И как же он оказался прав! Через четверть часа, мы были на месте. И толпа, её биополе, источаемое неисчислимым количеством разнокалиберных и разноокрашенных тел, составляющих её организм; многотональный и разноэмоциональный шум, являющийся её голосом; неутихающая ни на мгновение суета, работающая у неё за сердце, буквально повергли в шок. И пока я приходила в себя, оно, это поле, в ускоренном ритме обволакивало мои мозг и душу, уже заставляя их тратить драгоценную энергию. На защиту, чтобы сохранить способность понимать и чувствовать...
Но...
Меня сразу удивило, что огромная очередь, состоявшая из людей, не заказавших предварительно билеты, продвигалась быстро. Даже слишком быстро, для такой «толстой», многослойной очереди. Не могла она продвигаться с такой сказочной быстротой. Но продвигалась... Почему, -- стало ясно позже. Нам же очередь не грозила. Мы спокойно перекусили в каком-то поганеньком, но дорогом, трактире и ровно в 11. 30 зашли в здание. Прошли досмотр, как в аэропорту, и у меня зазвонил мобильник.
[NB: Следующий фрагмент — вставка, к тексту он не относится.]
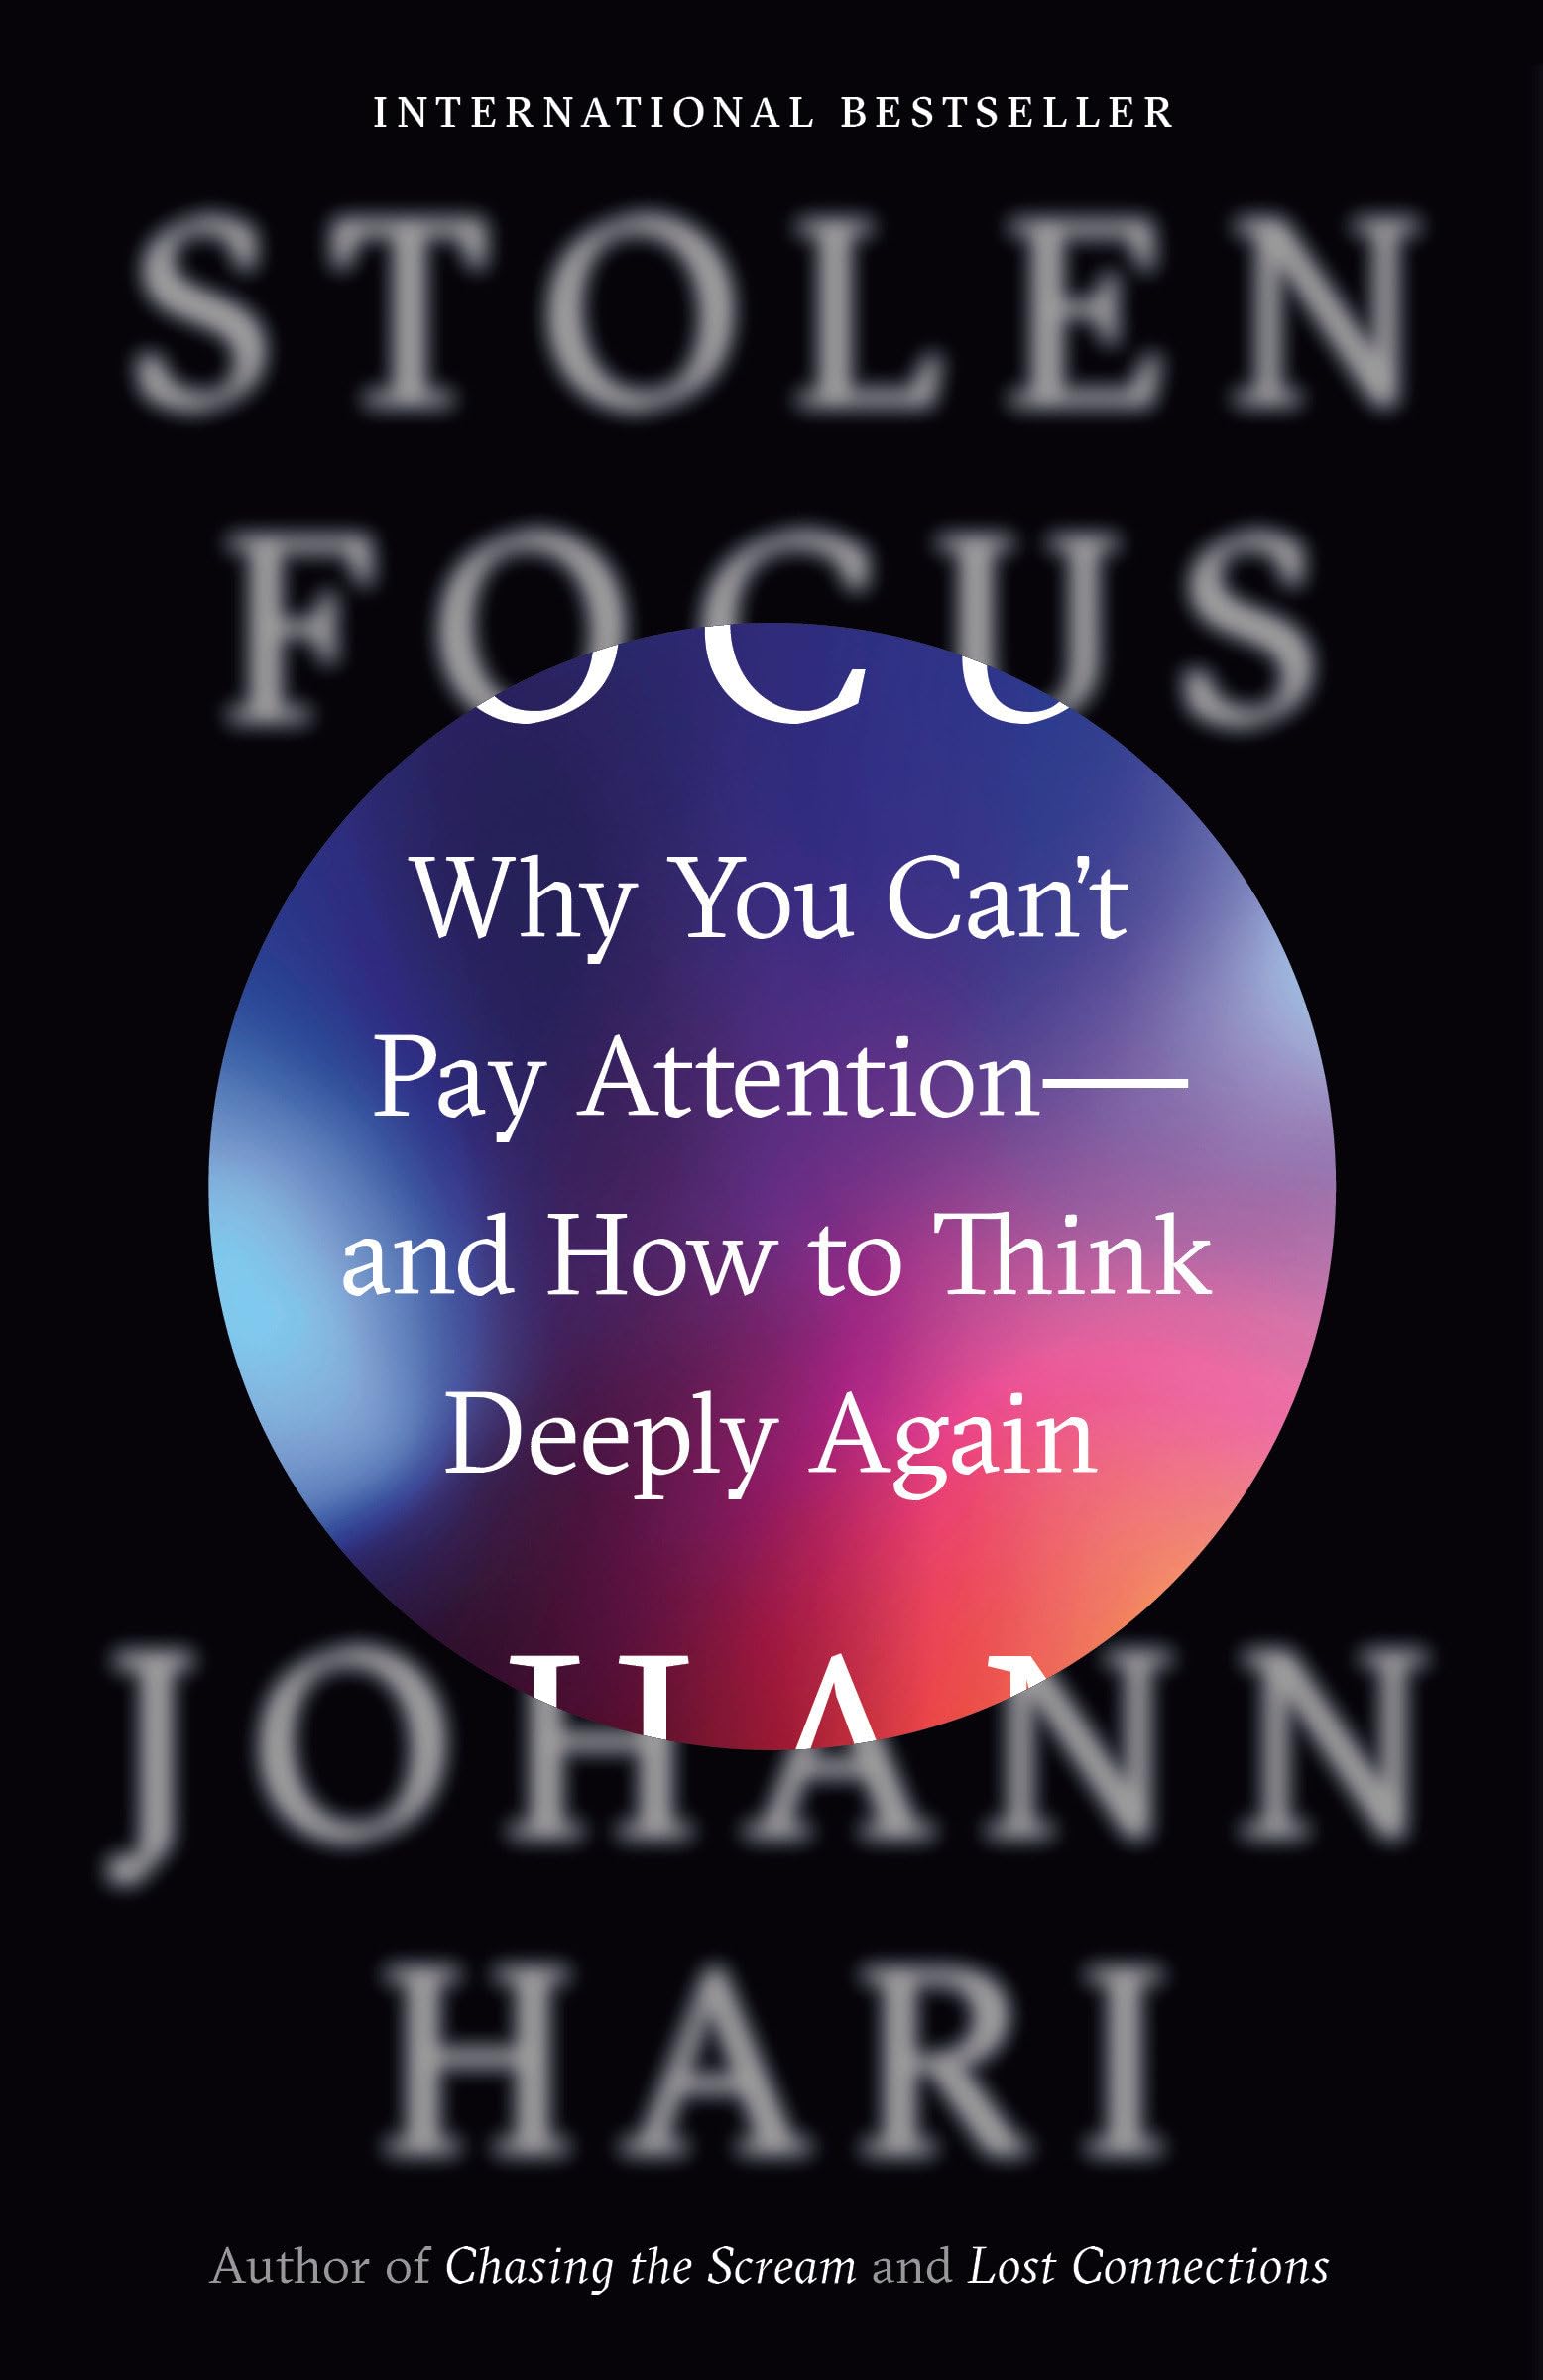 Stolen Focus: Why You Can't Pay Attention--And How to Think Deeply Again by Hari, Johann

Это была Мария, единственная, на сегодня, читательница «Исповеди» (кроме той самой Веры), которая не только поздравила меня с днём рождения, а не с днём космонавтики, но и вообще мне звонит, не жалея на это денег... Повторяю, -- единственная, после почти двух лет, как моя книга «ходит по рукам». После почти 1100 визитов в интернетовский сайт Т. Тум... Не густо, правда?
Пока продолжался телефонный разговор, мы с мужем поднялись на второй этаж. Там собирались группы туристов, предварительно заказавших и оплативших эту экскурсию. Отмечу, что стоимость одного такого билета 30 евро.
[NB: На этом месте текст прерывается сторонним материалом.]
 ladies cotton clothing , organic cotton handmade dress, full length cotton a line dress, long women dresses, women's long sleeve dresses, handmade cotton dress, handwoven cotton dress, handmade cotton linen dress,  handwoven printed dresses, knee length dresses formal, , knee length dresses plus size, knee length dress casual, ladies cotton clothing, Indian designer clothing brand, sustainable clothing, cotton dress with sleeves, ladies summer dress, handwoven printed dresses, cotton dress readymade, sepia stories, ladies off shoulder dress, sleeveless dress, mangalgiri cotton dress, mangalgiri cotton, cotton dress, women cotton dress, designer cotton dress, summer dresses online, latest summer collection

Но толпа была и там. «Дружеское плечо» ощущалось в любом углу. Какие-то парень и девушка, одетые в форму, раздавали туристам миниприёмники и наушники, что-то устало и заученно при этом им объясняя. В жуткой духоте, мы ожидали своей очереди. И когда она подошла, выяснилось, что эти радио были нужны, чтобы слышать нашего экскурсовода. Это было странно. Даже очень. Ведь нигде, даже в Лувре, такого не было...
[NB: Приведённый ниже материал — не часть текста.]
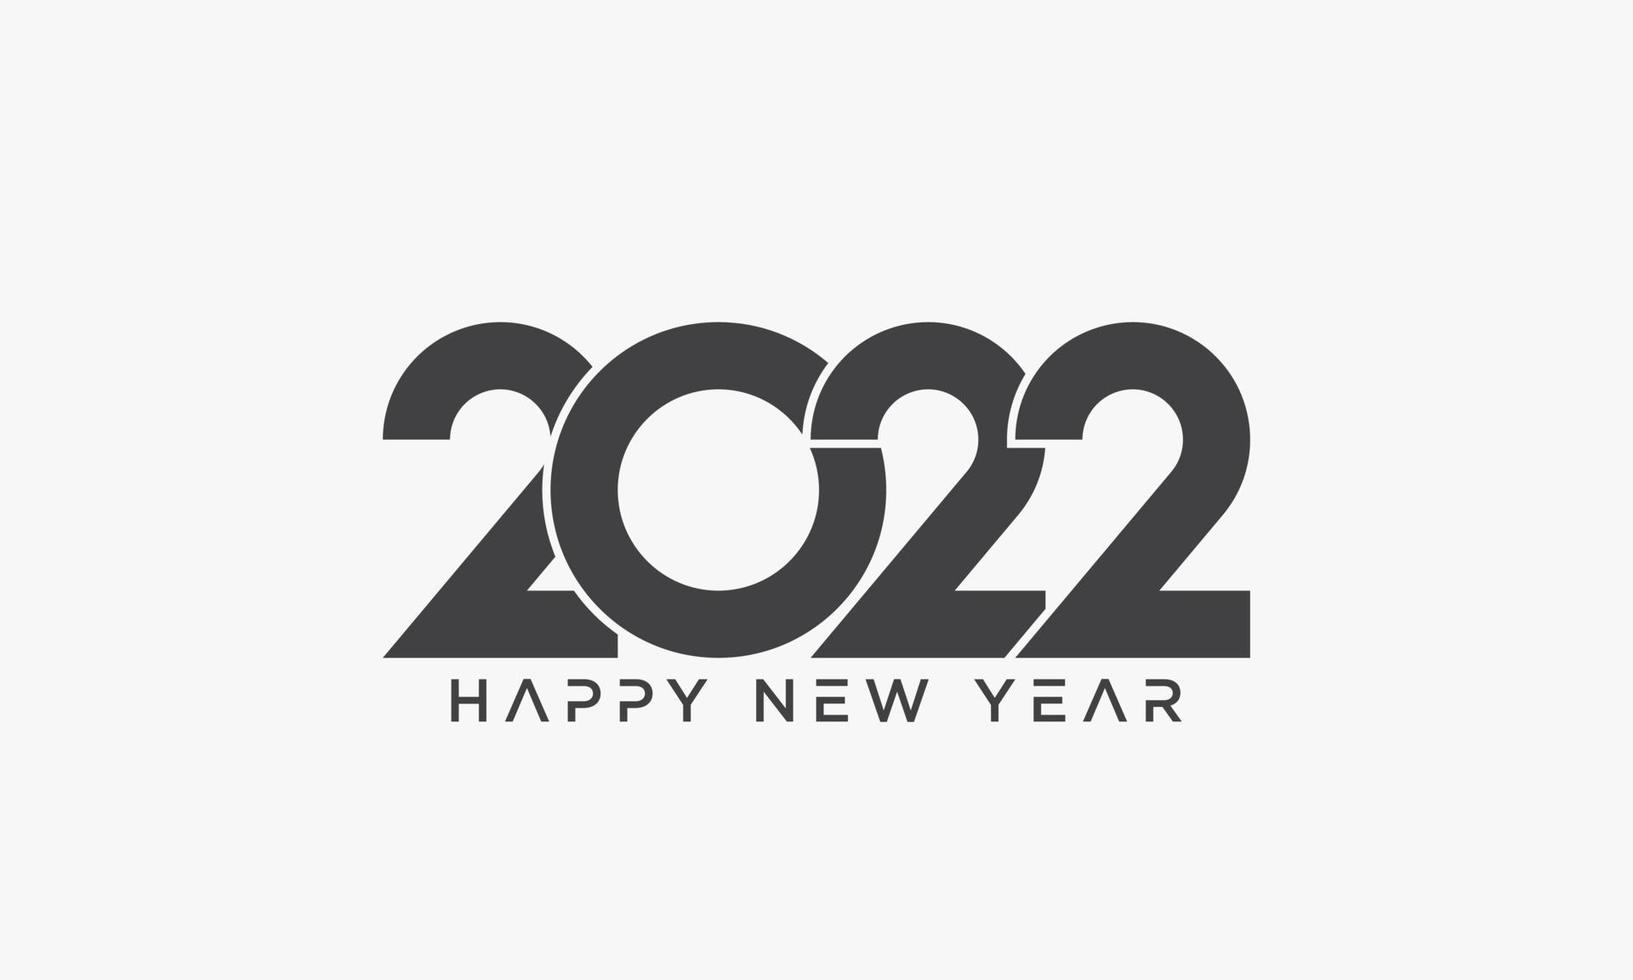 Logo 2022. Happy new year holidays vector graphic design.

Ладно. Получили мы свои радио, надели наушники и услышали голос молодой женщины, нашего экскурсовода. Она вежливо приглашала нас хорошенько опробовать приёмнички, чтобы спокойно пуститься в путь по залам Ватикана. И началась канитель. Кто-то слышал урывками, кто-то вообще не слышал... Словом, только в 12.30, группа из пятидесяти человек (!) двинулась к искусству... Чтобы, в бесконечнослойном теле толпы, выбраться, наконец, на воздух, во внутрений двор Ватикана, и снова... затормозить, потому что у кого-то опять закапризничали искусственные уши. -------------Такого у меня ещё не было. Странно... -- потерянно заявила экскурсовод.
Мы стояли под достаточно уже окрепшим солнцем, потели и хотели пить. Экскурсовод наша бегала по внутренним коридорам покинутого здания, выискивая техпомощь. Сикстинская капелла поджидала нас где-то уже очень и очень далеко, а нескончаемая толпа беспрерывным морем лилась и лилась во двор...
Наконец, вернувшаяся гид, заменила барахлящие аппараты прослушивания на принесённые и подозвала нас к картинкам Сикстины. Серия таких картинок были установлены по всему периметру двора. Гид подняла к одной из них указку и начала свой рассказ. О том, как, кто и когда построил эту капеллу, что изображено на фресках XIV столетия, выполненных на боковых стенах капеллы итальянскими мастерами Пинтуриккьо (Бернардино ди Бетто), Сандро Боттичелли, Козимо Россели, Лука Синьорелли, Доменико Гирландайо и Пьетро Перуджино, - сцены из жизни Моисея и Спасителя, о пилястрах между окнами этих стен, на которых С. Боттичелли запечатлел 28 портретов представителей Бога на земле, о работах самого Микеланджело...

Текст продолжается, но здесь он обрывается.